—Yo digo que estamos bajo ataque —anunció Thorald Magnor, levantándose del puesto de piloto y yendo a la galería de observadores para sentarse a unas sillas a la derecha de Jag—. Aparentemente hasta ahora hemos tenido suerte, pero soltar una estrella en un sistema podría destruir toda la vida que contiene.
Jag movió sus dos brazos inferiores en una negación waldahud.
—La mayoría de los atajos están en el espacio interestelar —dijo—. Incluso el que ustedes llaman «el atajo de Tau Ceti» está a treinta y siete mil millones de kilómetros de esa estrella, seis veces más que la distancia de Plutón al Sol. Yo diría que en quince casos de cada dieciséis, la llegada de estrellas adicionales tendría efectos menores en los sistemas cercanos y, ya que los mundos habitados son pocos y alejados entre sí, las probabilidades de hacer daño concreto a corto plazo a un planeta con vida son bastante pequeñas.
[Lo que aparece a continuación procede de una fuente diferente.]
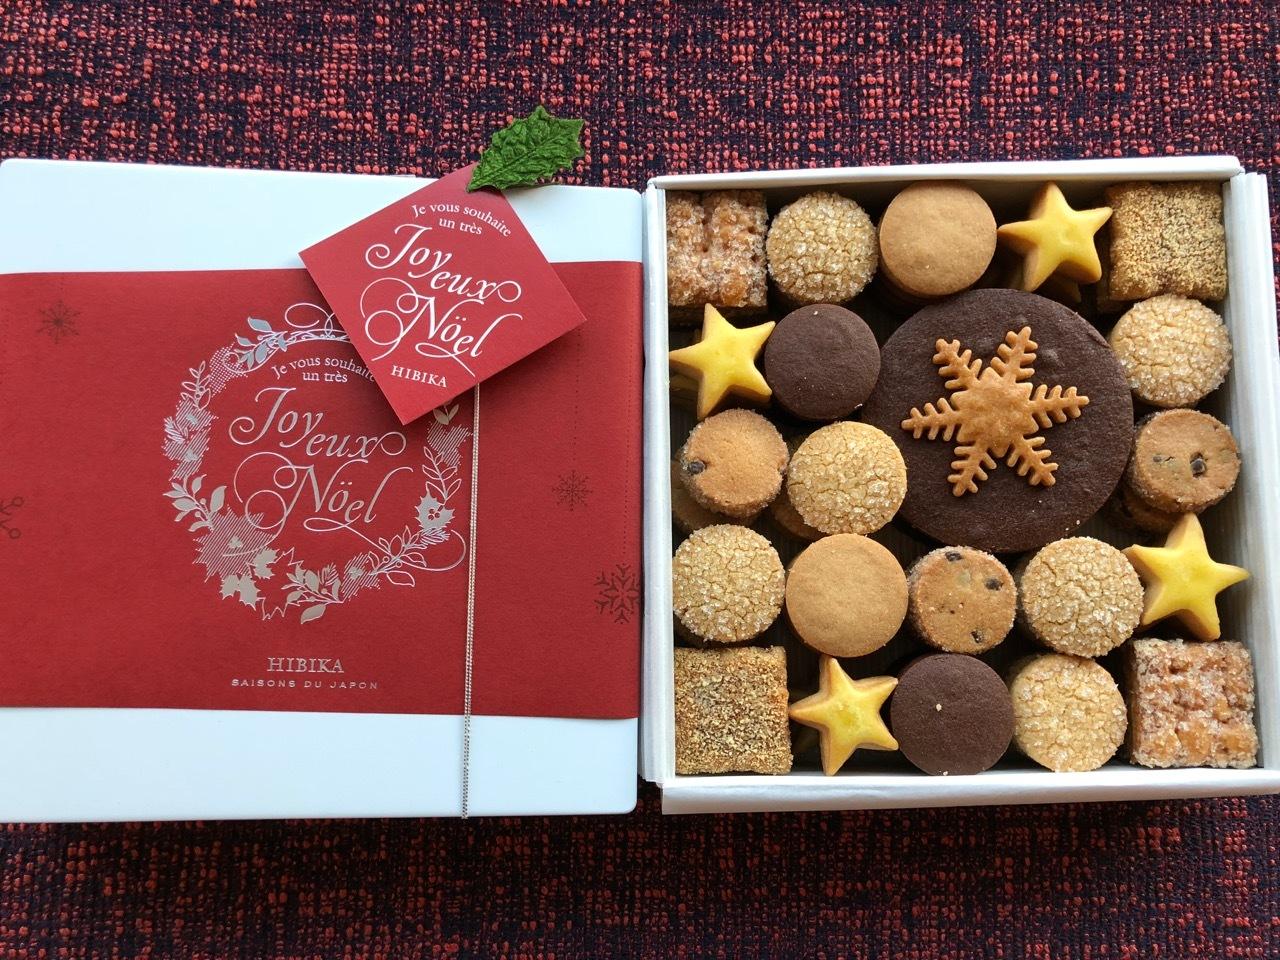 クリスマスシーズンの贈り物にぴったり!HIBIKAの「冬の小さな焼き菓子詰め合わせ」_1_1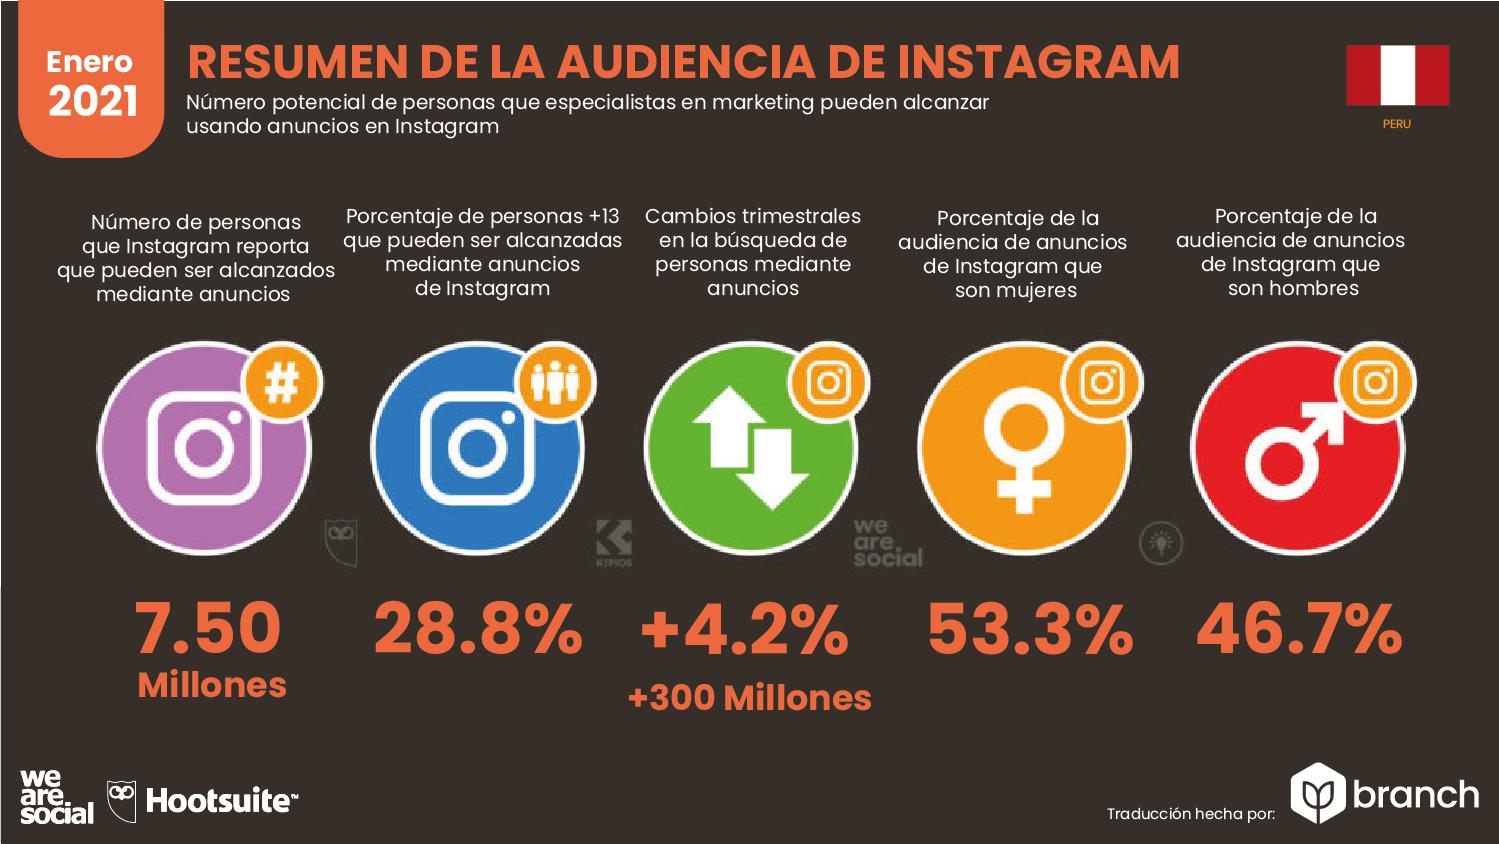 audiencia-de-instagram-en-peru-2020-2021

—¿Pero podrían esas estrellas ser, bueno, bombas? —preguntó Lianne—. Dijo usted que la estrella verde es muy inusual. ¿Podría estar a punto de explotar?
—Mis estudios acaban de empezar —dijo Jag—, pero yo diría que a nuestra recién llegada le quedan al menos dos mil millones de años de vida. Y enanas solitarias clase M, como la que ha aparecido cerca de Tau Ceti, no van a nova.
—Aun así —dijo Rissa—, ¿no podrían alterar las nubes de Oort de los sistemas estelares por los que pasen, enviando lluvias de cometas hacia los planetas interiores? Recuerdo una vieja teoría que decía que una enana marrón llamada… Némesis, creo que era… podría haber pasado cerca de Sol, causando una avalancha de cometas hacia el final del Cretácico.
—Bueno, al final resultó que Némesis no existía —dijo Jag—, pero incluso si lo hiciera, hoy día todas las especies de la Commonwealth tienen la tecnología para lidiar con un número razonable de cometas; que, después de todo, tardarían décadas o incluso siglos en llegar a la parte interna de un sistema. No es una preocupación inminente.
—Pero entonces, ¿por qué? —preguntó Thor—. ¿Por qué están moviéndose las estrellas? ¿Y deberíamos intentar impedirlo?
—¿Impedirlo? —rió Keith—. ¿Cómo?
—Destruyendo los atajos —dijo Thor con sencillez.
Keith parpadeó.
—No estoy seguro de que puedan ser destruidos —dijo—. ¿Jag?
El pelaje del waldahud onduló pensativamente un momento, y cuando ladró, su ladrido sonaba apagado.
—Sí, teóricamente hay una manera —alzó la mirada, pero ninguno de sus pares de ojos miró a Keith—. Cuando el primer contacto con los humanos no estaba funcionando bien, a nuestros astrofísicos se les encargó encontrar una manera de cerrar el atajo de Tau Ceti, si surgía la necesidad.
—¡Eso es ridículo! —dijo Lianne.
Jag miró a la humana.
—No, eso es buen gobierno. Uno debe preparase para cualquier contingencia.
—¡Pero destruir nuestro atajo! —dijo Lianne, la ira trazando nuevas líneas en su cara.
—No lo hicimos —dijo Jag.
—¡Aun así, considerarlo siquiera! Si no querían que tuviéramos acceso a Rehbollo, deberían haber destruido su atajo, no el nuestro.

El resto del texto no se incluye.